Hacker News new | ask | show | jobs
by tentonova2 6007 days ago
For the same CPU architecture, compiler and FPU control word, you should expect the same results.

That's a stretch. Just because it's called "GCC" doesn't mean it behaves exactly the same on every platform, even if the CPU architecture is the same.

Apple makes extensive modifications, has their own ABI (see below), etc.

In a possibly related note, however, Apple has bizarre and unnecessarily strict alignment policies for Mac OS on x86:

It's not "bizarre and unnecessarily strict" if you want to be able to rely on SSE2+. Apple had the advantage of being able to define their ABI without regard to most legacy concerns, and so they did.

The reason that it's strictly enforced everywhere is that since Apple's compilers use SSE2+ they must be able to assume that, at function entry, the stack is properly (16 byte) aligned.

I understand your pain -- I've had to update a JIT implementation to deal with this, along with quite a bit of assembly that assumed 4 byte alignment, but Apple's reasoning makes sense.

See also: http://stackoverflow.com/questions/612443/why-does-the-mac-a...

1 comments

The stack is not actually aligned on function entry, because the return address is on top, so more alignment will be needed to avoid SSE2 locals being misaligned. It's not so hard for the callee side of the ABI to make sure the stack is aligned if it's going to use SSE2 and friends; it's rather more onerous to require every call site to make the alignments for the benefit of the callee.
The stack is not actually aligned on function entry, because the return address is on top, so more alignment will be needed to avoid SSE2 locals being misaligned.

The stack has --known alignment-- on entry, which removes the need to compute alignment at runtime. Any other approach requires more instructions overall.

It's not so hard for the callee side of the ABI to make sure the stack is aligned if it's going to use SSE2 and friends; it's rather more onerous to require every call site to make the alignments for the benefit of the callee.

I disagree that it's onerous. It seems silly to increase the runtime costs in exchange for a minutely simplified compiler port. It's not as if non-4-byte aligned ABIs are unusual.

But instead of aligning the stack in one location, the callee, now it needs to be aligned everywhere. It's pretty probable that's more instructions everywhere.

And it's not a "minutely simplified compiler port". That statement is startlingly naive.
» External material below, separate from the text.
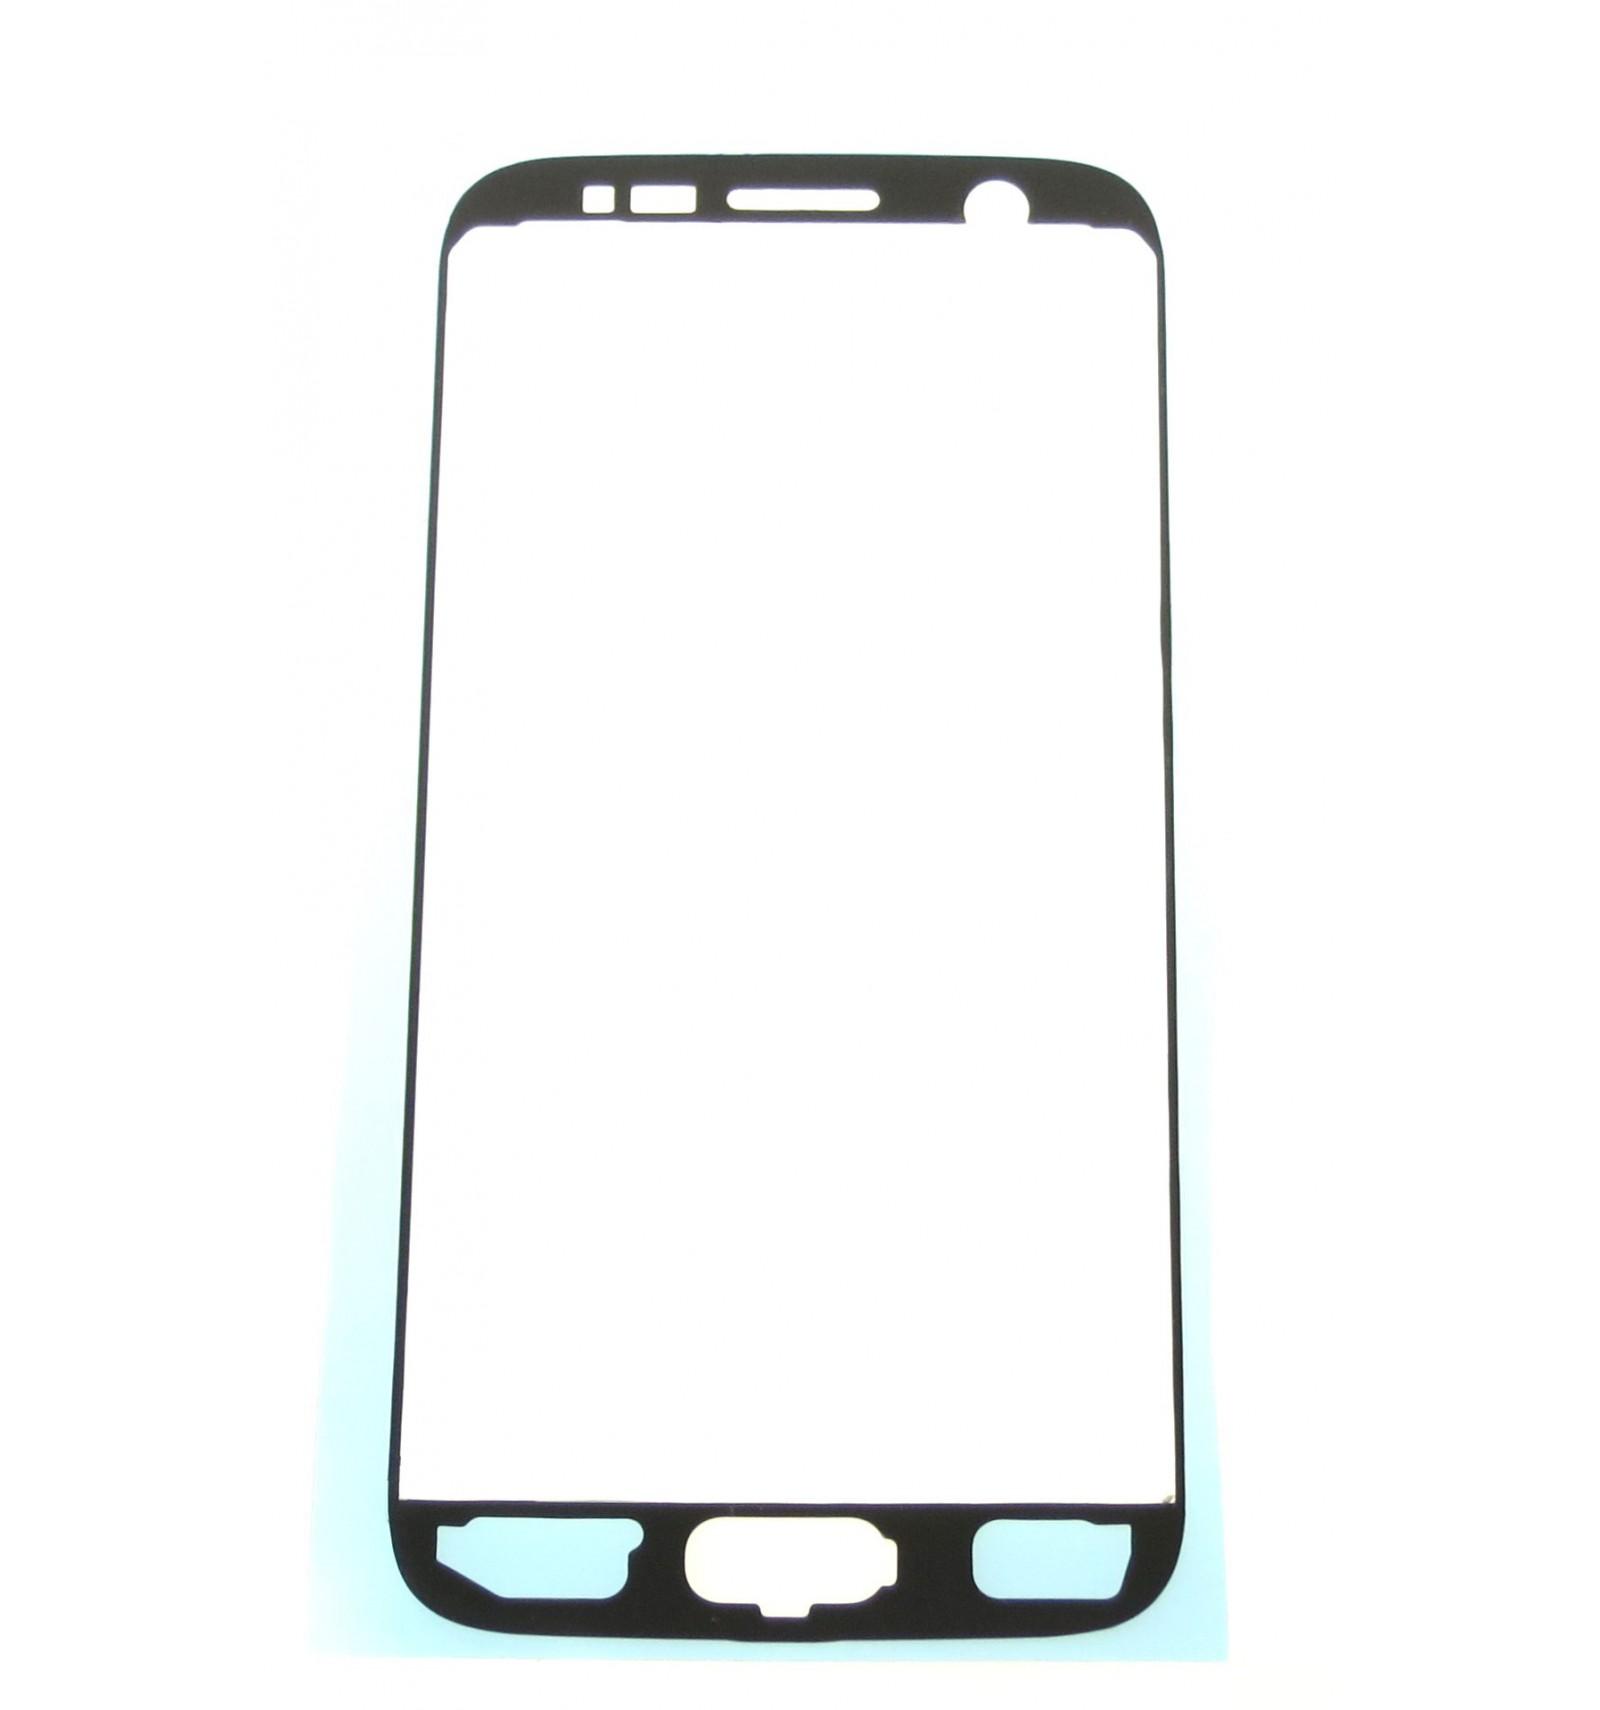 Lepka LCD originál na Samsung Galaxy S7 G930F GH82-11429A

Do you have any idea how much hand-coded inline assembly, both in the runtime library and in customer code, needs to be carefully reviewed and modified to port from a platform without this requirement to one with it? Particularly since almost every other platform targeting the same architecture doesn't have the requirement?

But instead of aligning the stack in one location, the callee, now it needs to be aligned everywhere. It's pretty probable that's more instructions everywhere.

SSE2 is used everywhere. That's unlikely.

And it's not a "minutely simplified compiler port". That statement is startlingly naive. Do you have any idea how much hand-coded inline assembly, both in the runtime library and in customer code, needs to be carefully reviewed and modified to port from a platform without this requirement to one with it? Particularly since almost every other platform targeting the same architecture doesn't have the requirement?

Do you have any idea what the advantages are of being able to use SSE2+ everywhere? I find your position to be startling naive, especially given the fact that the vast majority of the existing Mac OS X developer base did not have any hand-coded inline assembly targeted at x86-32.

Other than game developers, how many legacy x86-32 developers is Apple genuinely interested in courting? Even for game developers (or JIT authors, or otherwise) with an overabundance of x86 4-byte-alignment-assuming assembly, fixing stack alignment is an annoying issue, not an impossible one.

Ah yes, Apple doesn't want any more developers for its platform. I forgot about that.
No, Apple made a perfectly sane business and technical decision to optimize for their users and existing developer base rather than a small subset of the non-Apple developer base who would have issue with 16-byte stack alignment.

The reasoning makes sense and I'd have done the same. I fixed our code and moved on.